• [Source material]:
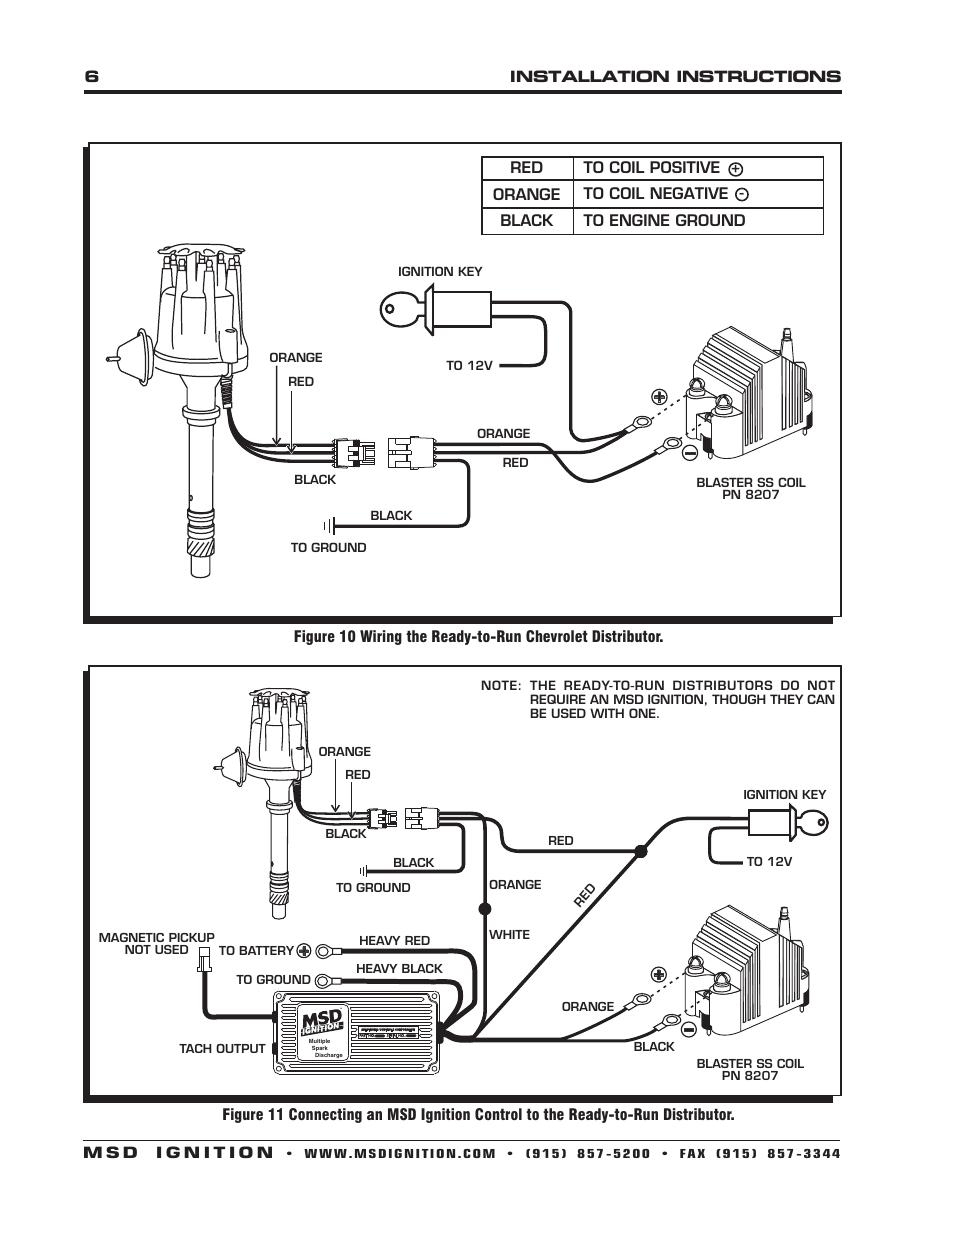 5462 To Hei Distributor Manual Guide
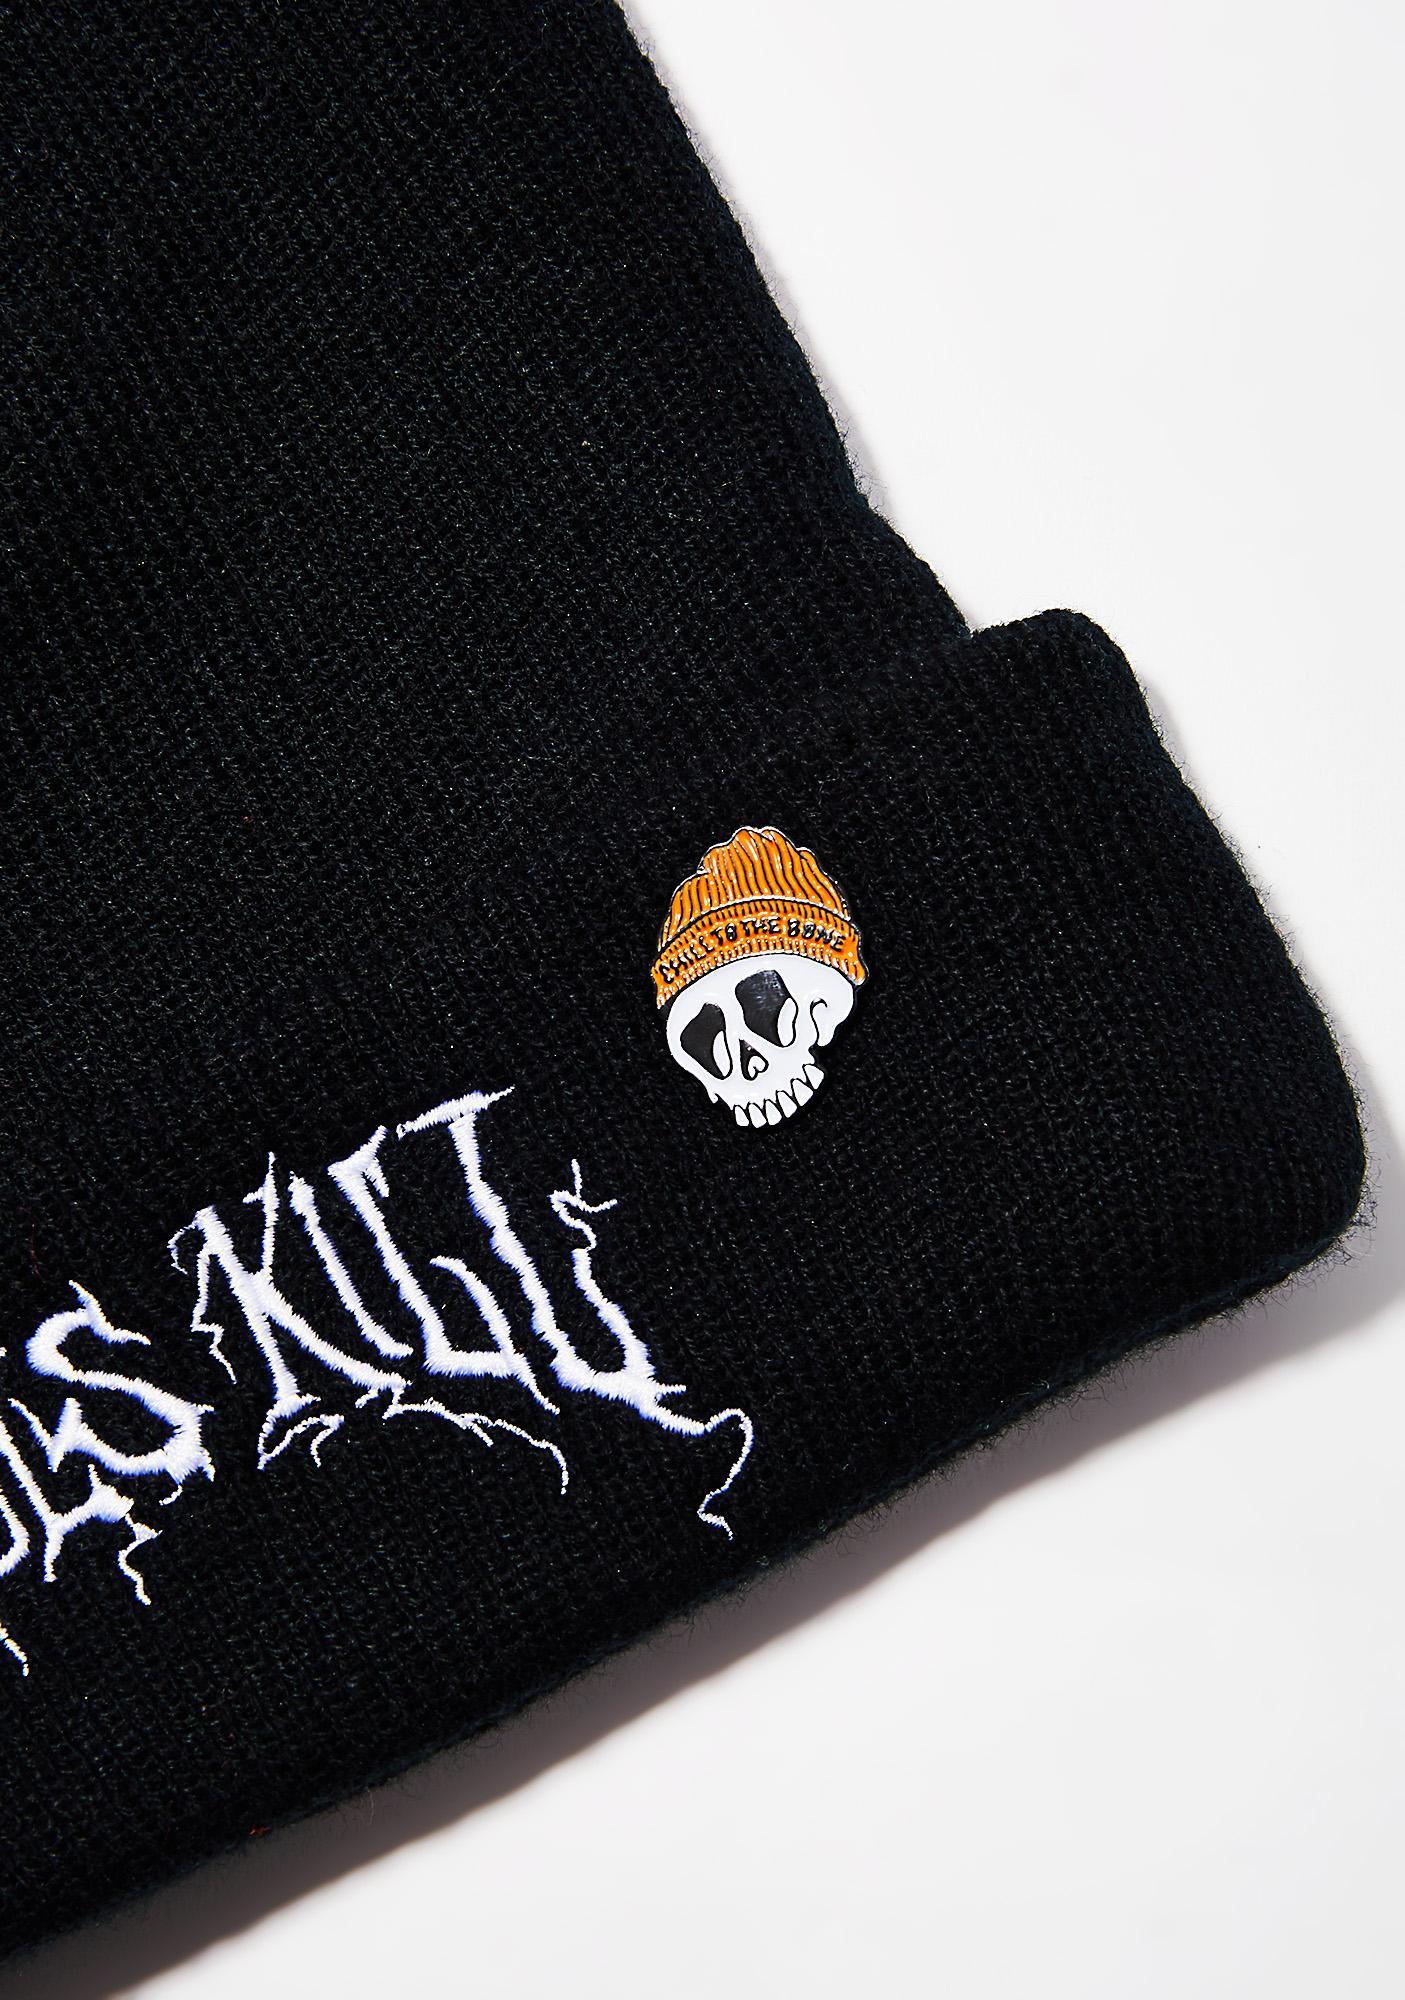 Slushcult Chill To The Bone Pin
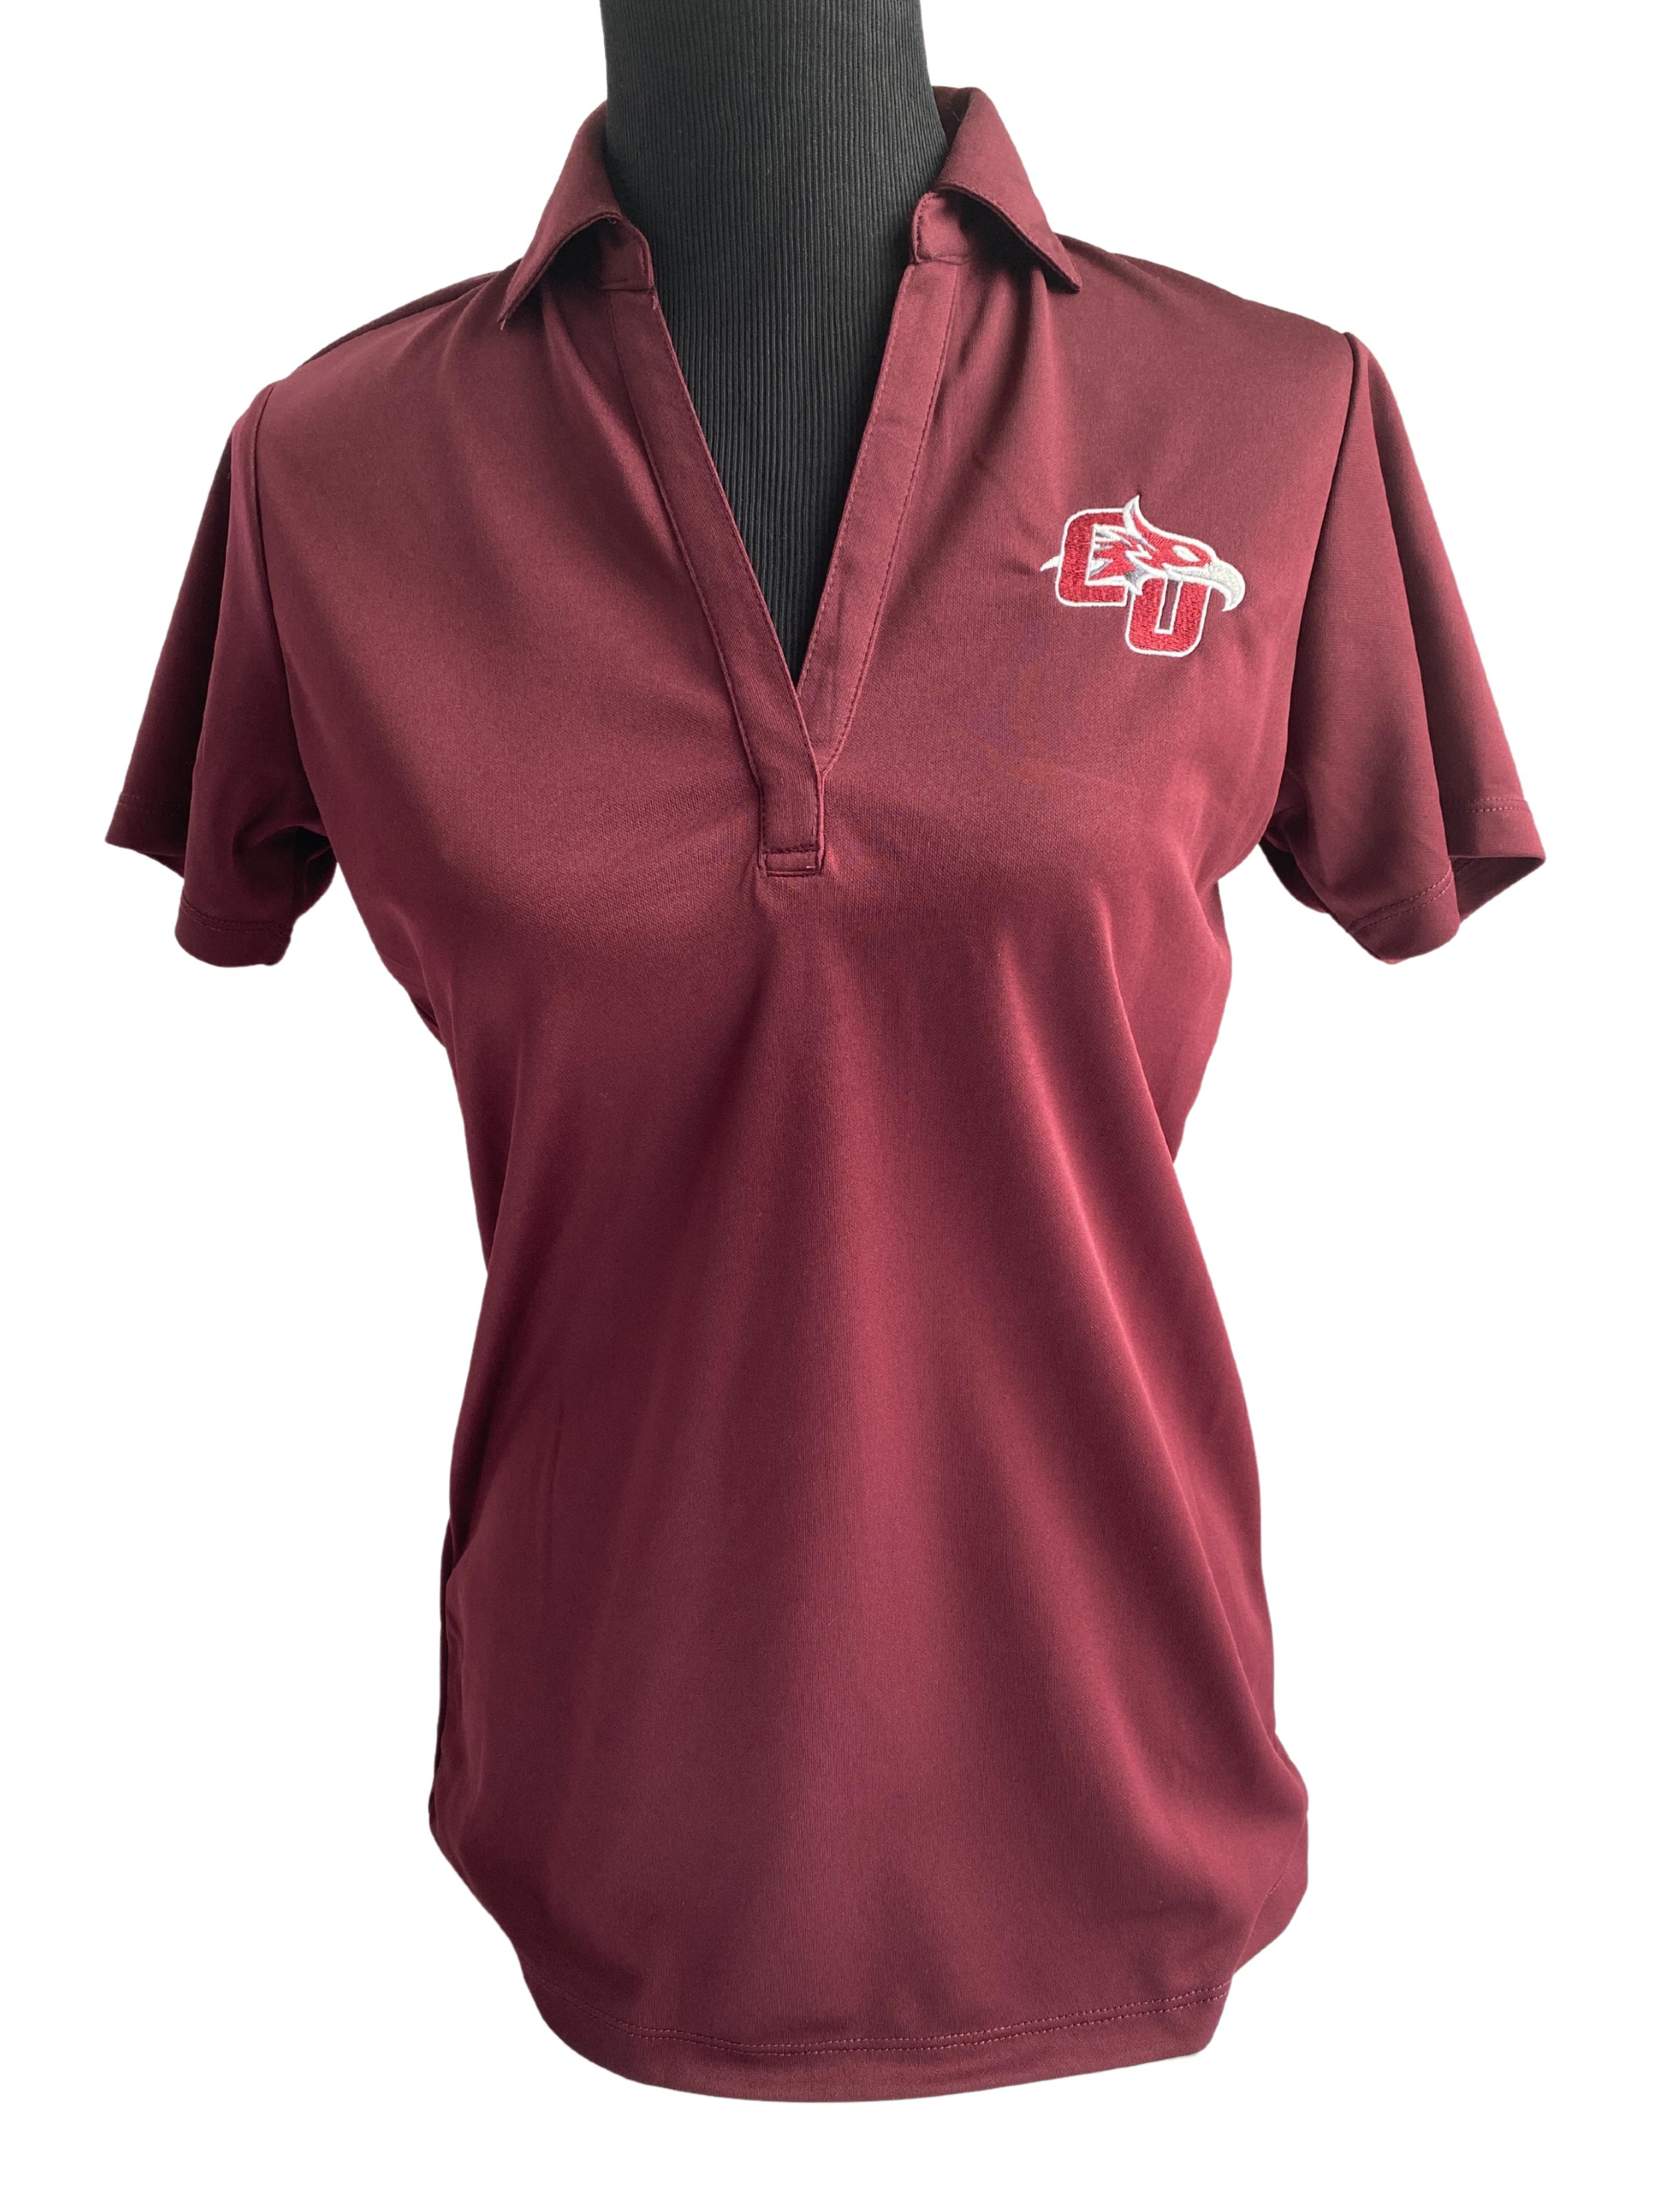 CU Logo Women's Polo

• [Task details]: Please output every line of the listing as it stands, and omit its images.

• [Answer to this task]:
 5462 To Hei Distributor Manual Guide
 Slushcult Chill To The Bone Pin
 CU Logo Women's Polo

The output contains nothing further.